(SOURCE MATERIAL begins)

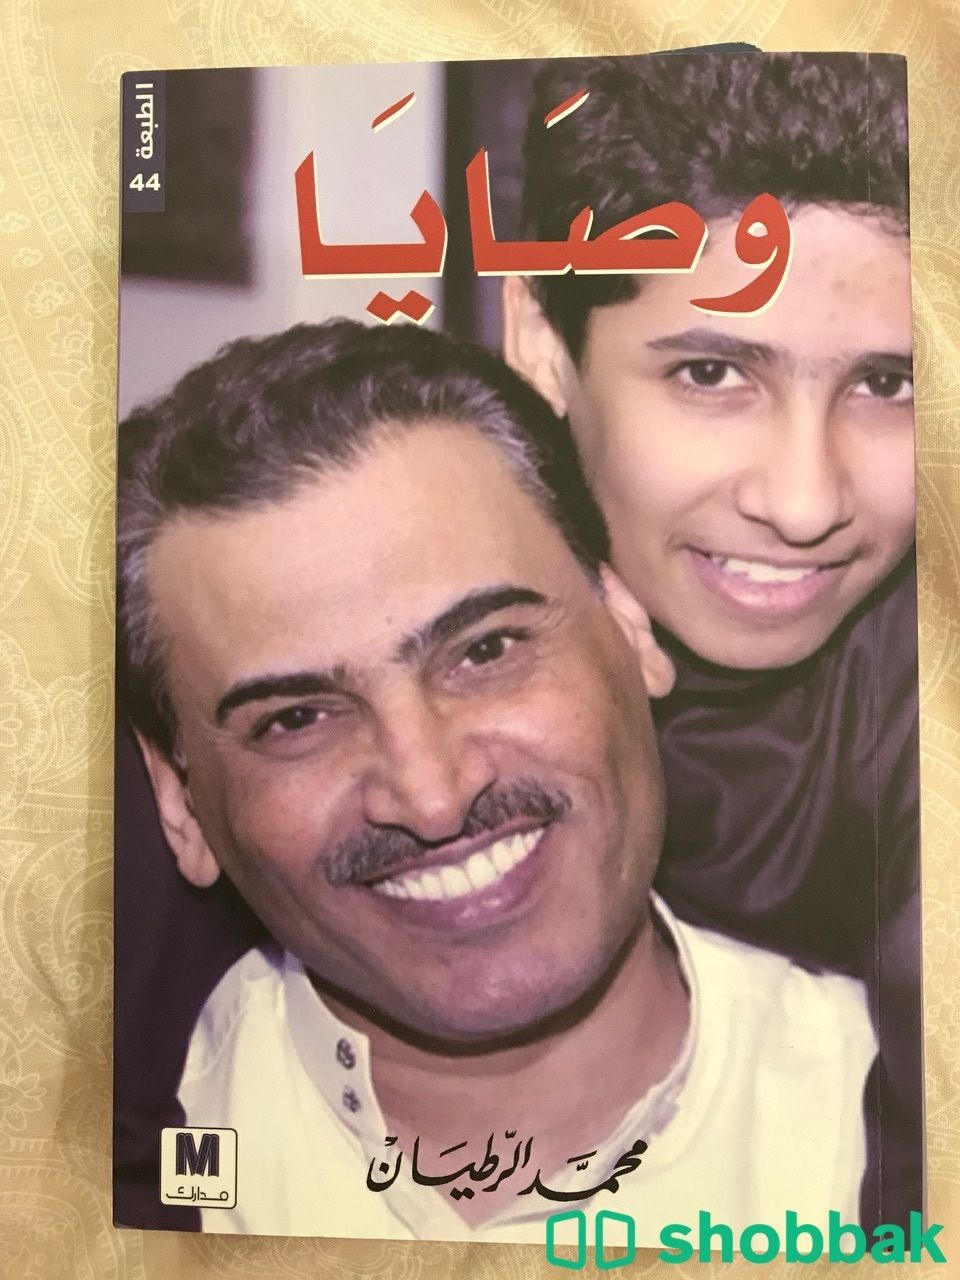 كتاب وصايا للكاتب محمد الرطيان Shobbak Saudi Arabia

(SOURCE MATERIAL ends)
(SOURCE MATERIAL begins)

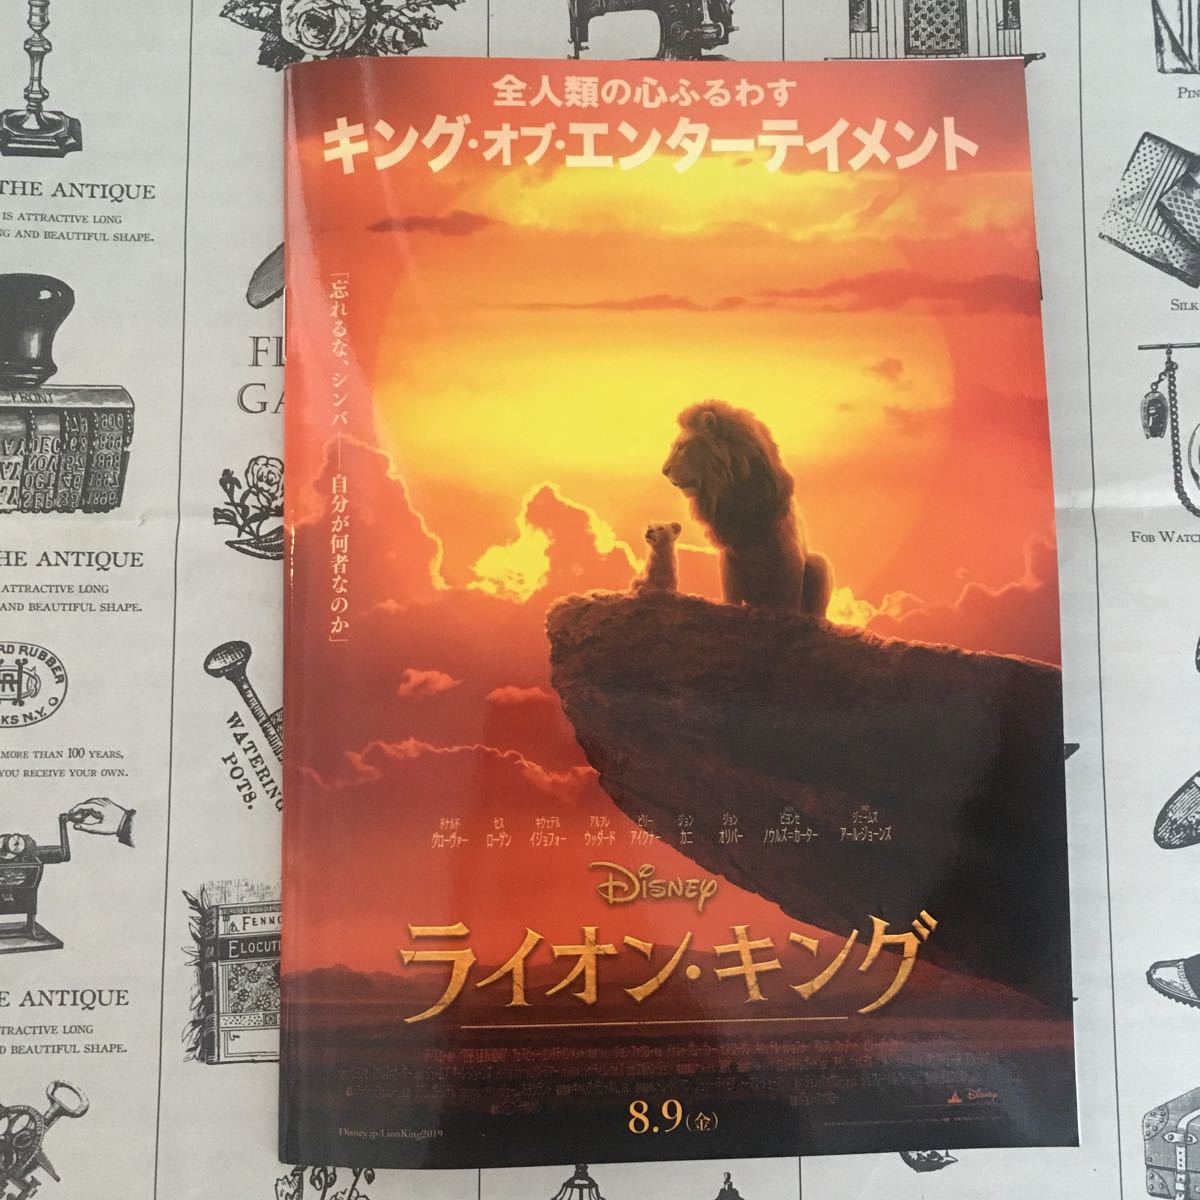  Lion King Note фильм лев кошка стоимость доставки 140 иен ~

(SOURCE MATERIAL ends)
(SOURCE MATERIAL begins)

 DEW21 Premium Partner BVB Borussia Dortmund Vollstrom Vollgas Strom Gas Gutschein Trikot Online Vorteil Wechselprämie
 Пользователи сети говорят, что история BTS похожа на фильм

(SOURCE MATERIAL ends)

Start with the line above that contains "DEW21 Premium Partner" and stop after the line that contains "Пользователи сети говорят, что". Output those lines exactly, and only those.

 DEW21 Premium Partner BVB Borussia Dortmund Vollstrom Vollgas Strom Gas Gutschein Trikot Online Vorteil Wechselprämie
 Пользователи сети говорят, что история BTS похожа на фильм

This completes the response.